— Work instruction —
Please reproduce the listing word for word. Pictures stay out.

— Dataset excerpt —
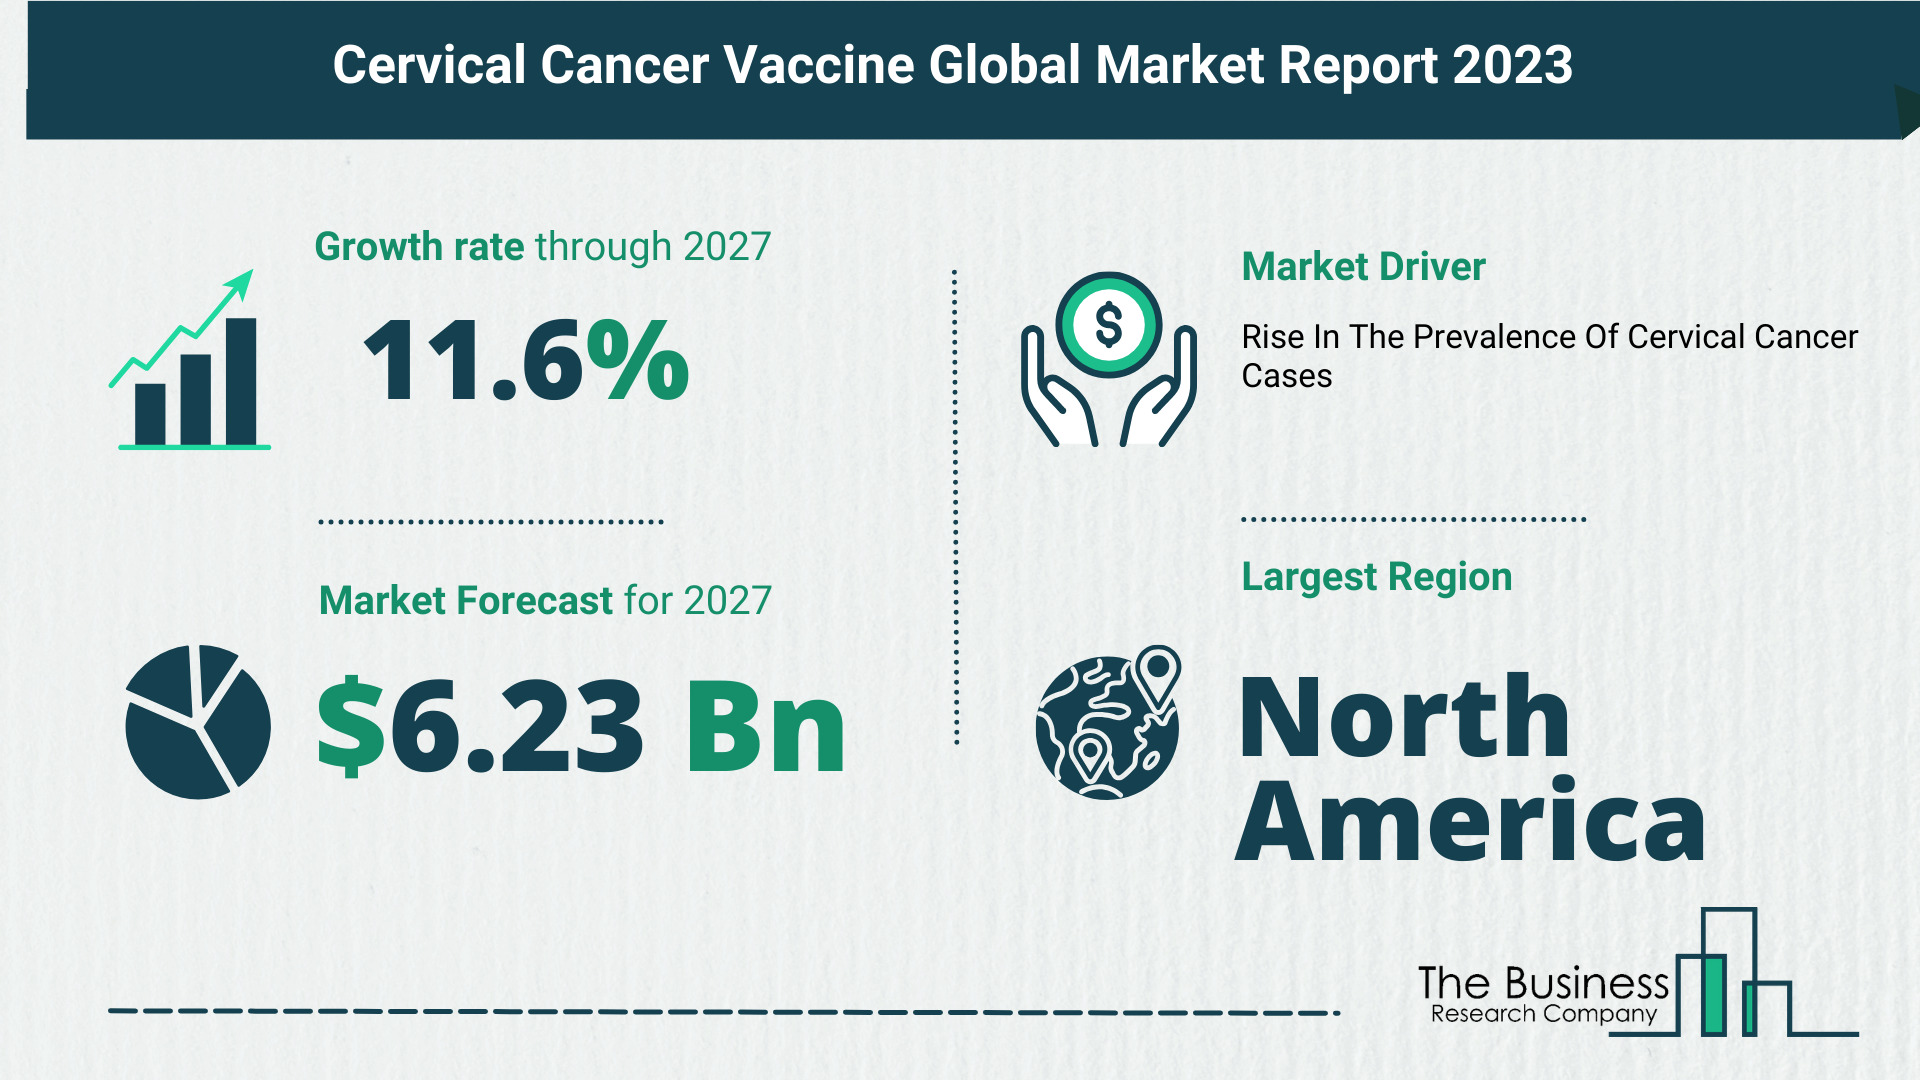 Global Cervical Cancer Vaccine Market Analysis: Estimated Market Size And Growth Rate
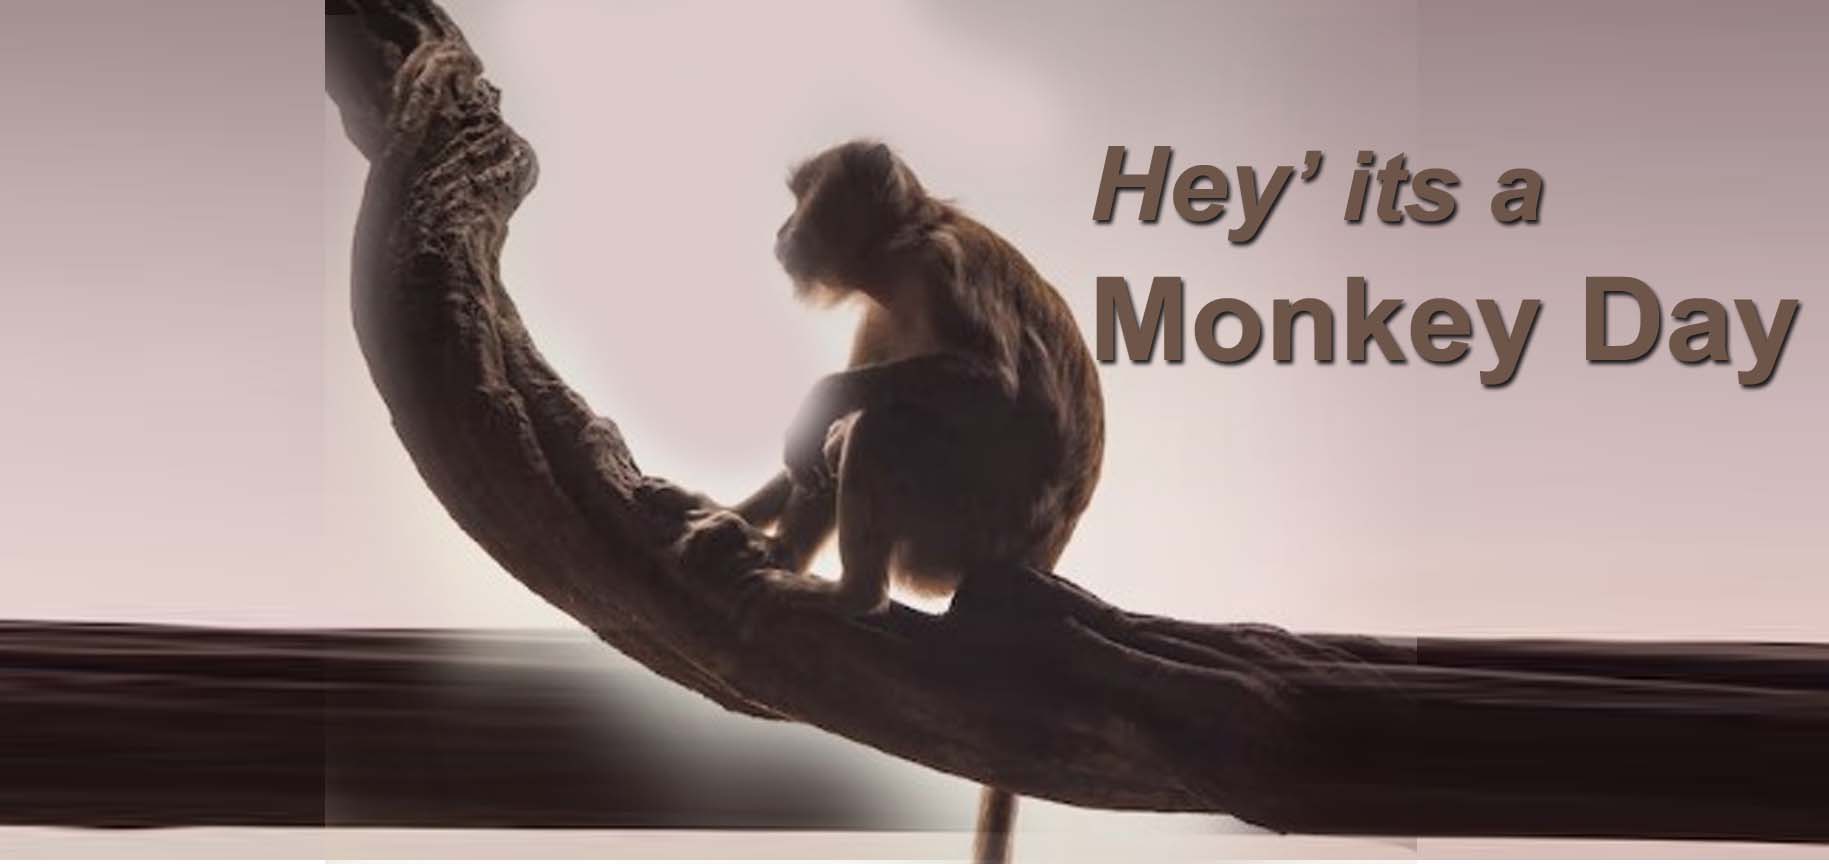 Monkeys also have days,International Monkey Day:بندروں  کے بھی دن آتے ہیں
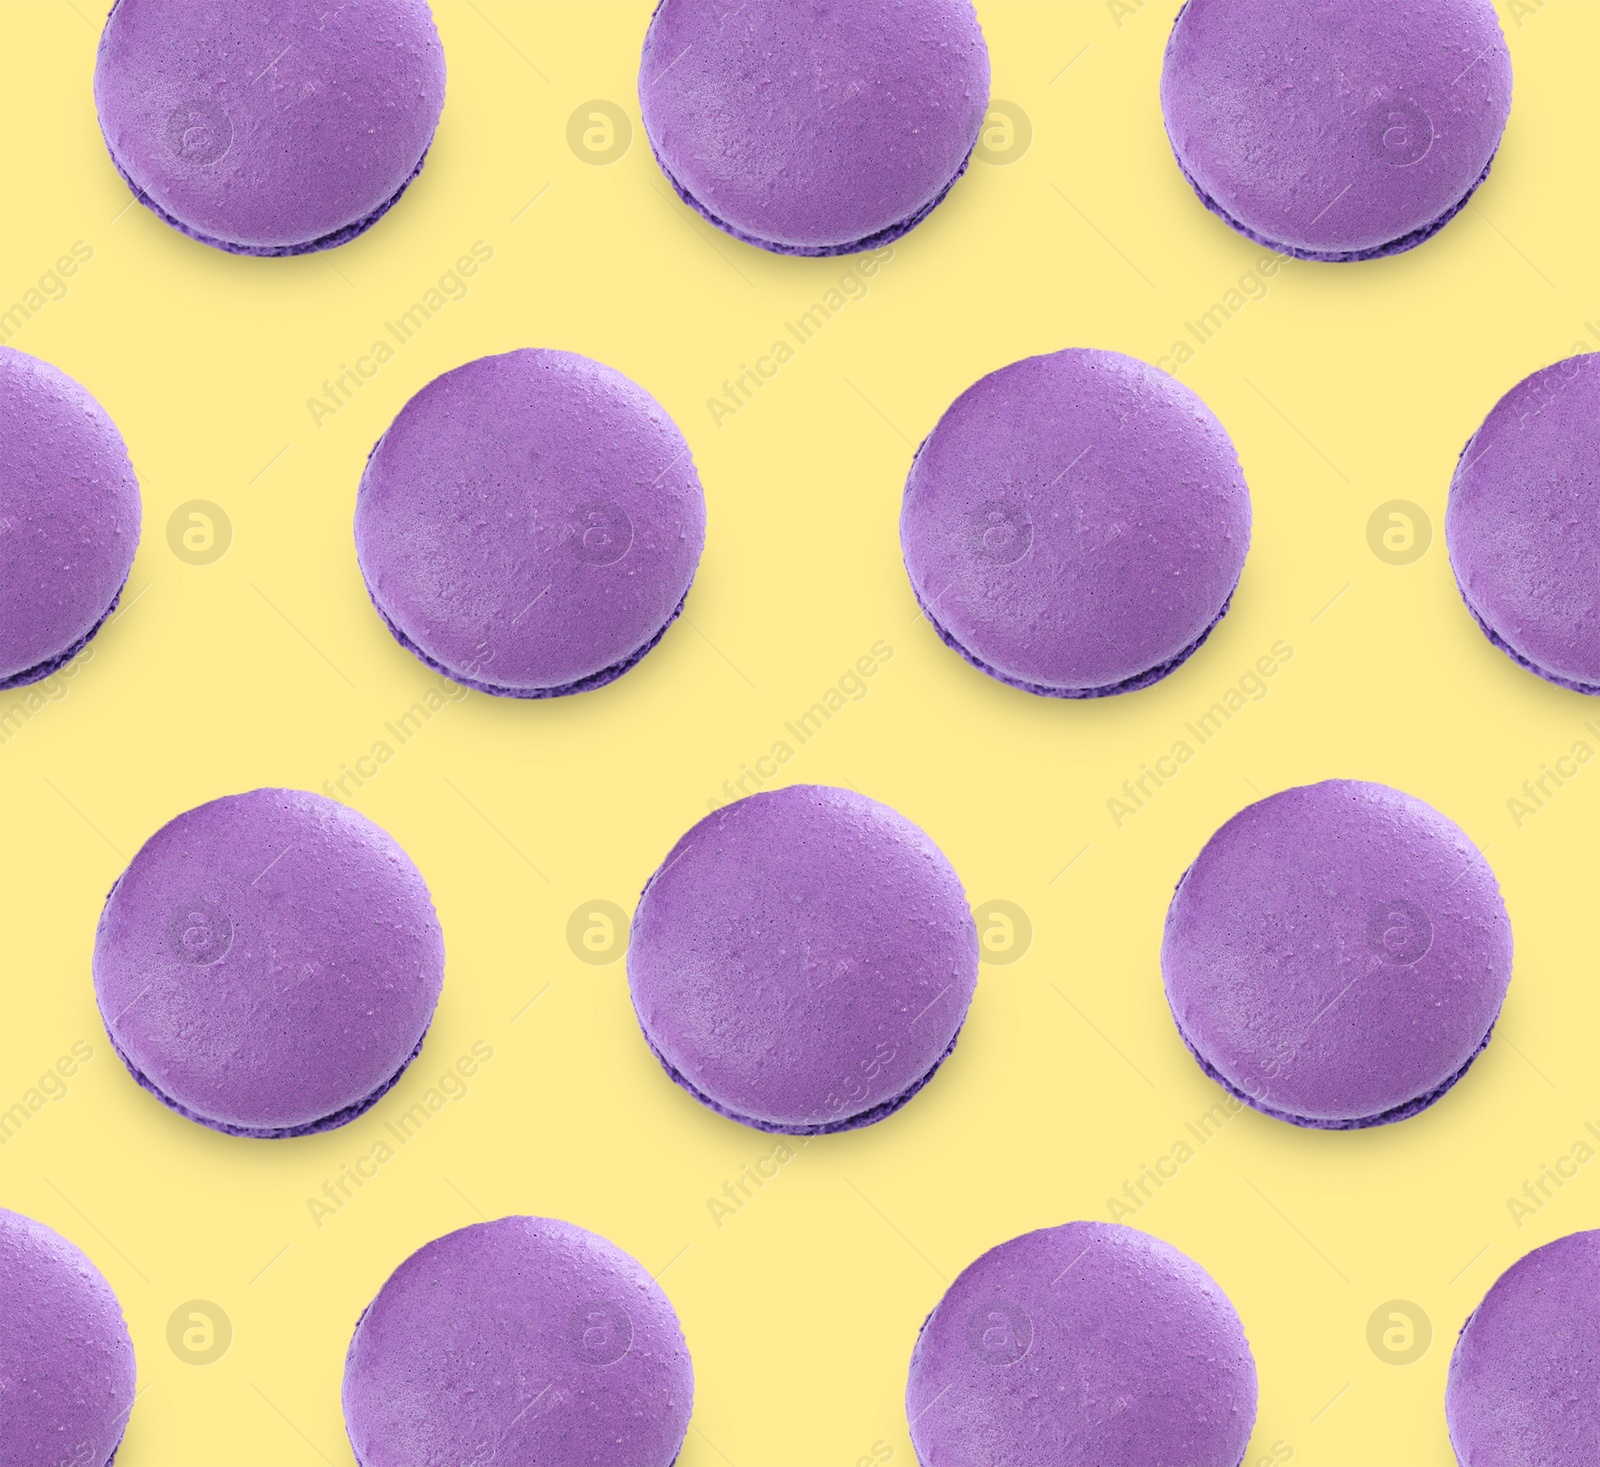 Image of Delicious macarons on yellow background, flat lay 
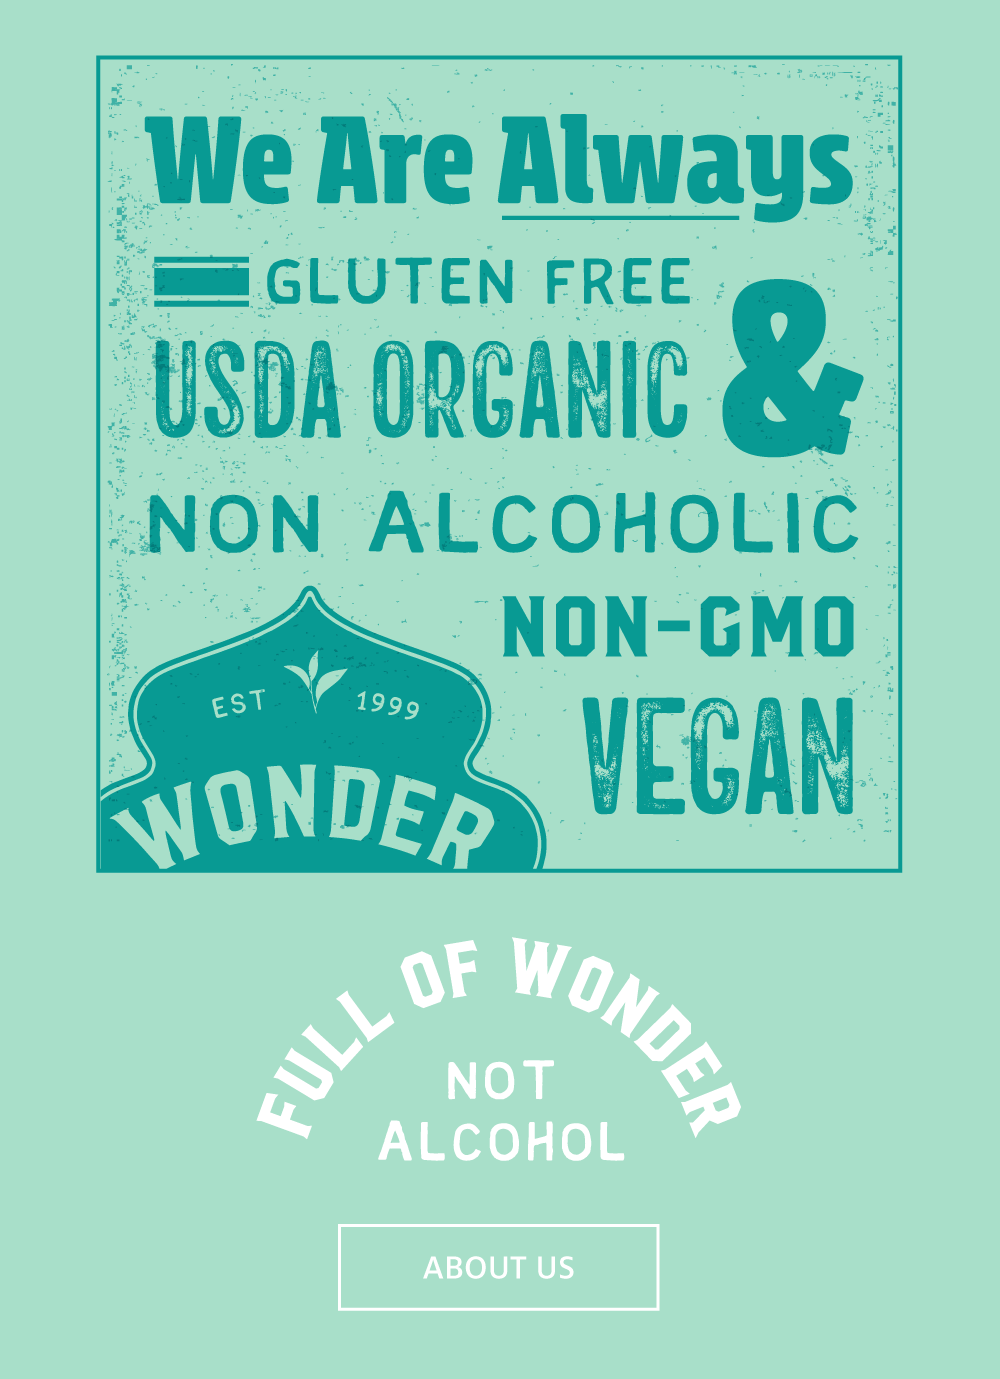 text that reads we are always gluten free usda organic & non-alcoholic non-gmo vegan in a text box above additional text that reads full of wonder not alcohol with button that says about us below

— Written answer —
 Global Cervical Cancer Vaccine Market Analysis: Estimated Market Size And Growth Rate
 Monkeys also have days,International Monkey Day:بندروں  کے بھی دن آتے ہیں
 Image of Delicious macarons on yellow background, flat lay 
 text that reads we are always gluten free usda organic & non-alcoholic non-gmo vegan in a text box above additional text that reads full of wonder not alcohol with button that says about us below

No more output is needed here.